Chair of the New Jersey General Assembly Committee on Oversight, Reform and Federal Relations
- Incumbent
- Assumed office January 9, 2018

Personal details
- Party: Democratic Party
- Spouse: Christine Danielsen
- Website: Legislative Website

= Joseph Danielsen =

American politician

Joseph Danielsen is an American Democratic Party politician, who represents the 17th Legislative District in the New Jersey General Assembly, where he has served since October 16, 2014, after being appointed to fill the vacant seat of Upendra J. Chivukula, who left office to take a seat as a Commissioner on the New Jersey Board of Public Utilities.

Danielsen has served in the General Assembly as Deputy Whip since 2020.

== Early life ==
A lifelong resident of Franklin Township, Danielsen is an IT consultant and owner of Network Blade LLC. He is a veteran of the United States Army Reserve, having served in the 78th Div. Reserve TNG from 1982 to 1991, as well as a volunteer fire fighter for 22 years. He was as a member of the Franklin Township Fire District No. 1 Board of Fire Commissioners from 2000 to 2006. During his term he was integral in creating an inter-local agreement between the township and the four fire districts that provided fire fighters during the day. From 1997 until 2010, Danielsen served on the Franklin Township Planning Board, including a stint as vice chair for several of those years.

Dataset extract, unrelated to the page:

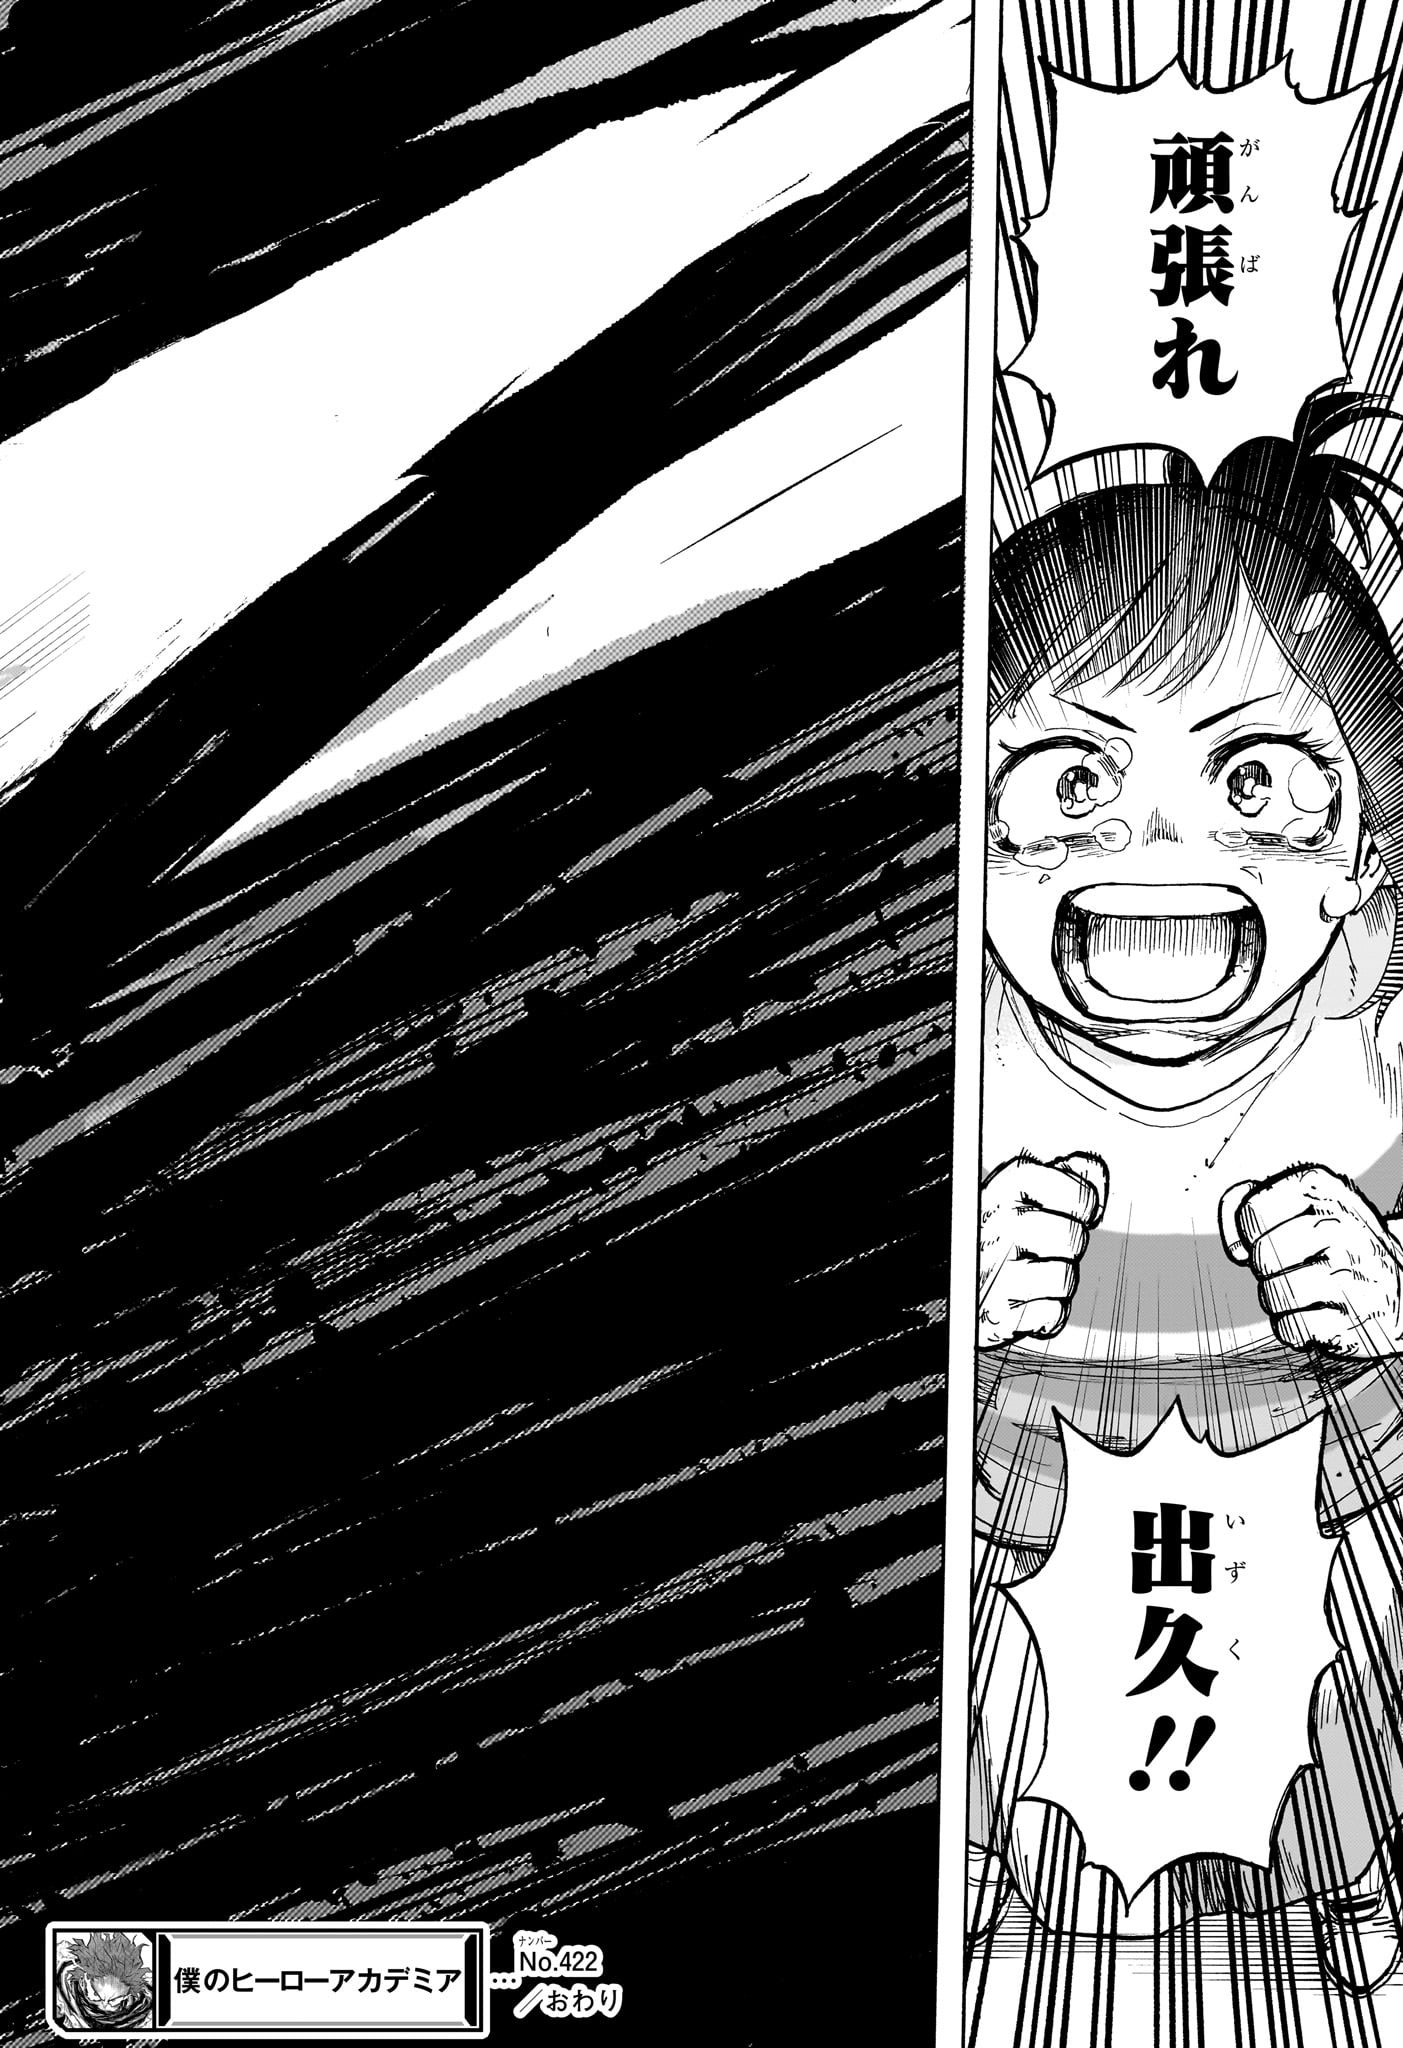 Boku no Hero Academia - Chapter 422 - Page 14

In that role, he supported economic development and helped attract businesses to Franklin Township while maintaining the local historic character. He is the head of the Franklin Township Municipal Democratic Committee. Danielsen received an A.S. in Marketing, Art, and Design from Middlesex County College and a B.A. in Visual Arts from Rutgers University. The youngest of nine children, he remains a resident of Franklin Township with his wife Christine and their three children.

== New Jersey Assembly ==
Danielsen was appointed to fill the vacant seat of Upendra J. Chivukula, who left office to take a seat as a Commissioner on the New Jersey Board of Public Utilities, and took office on October 16, 2014.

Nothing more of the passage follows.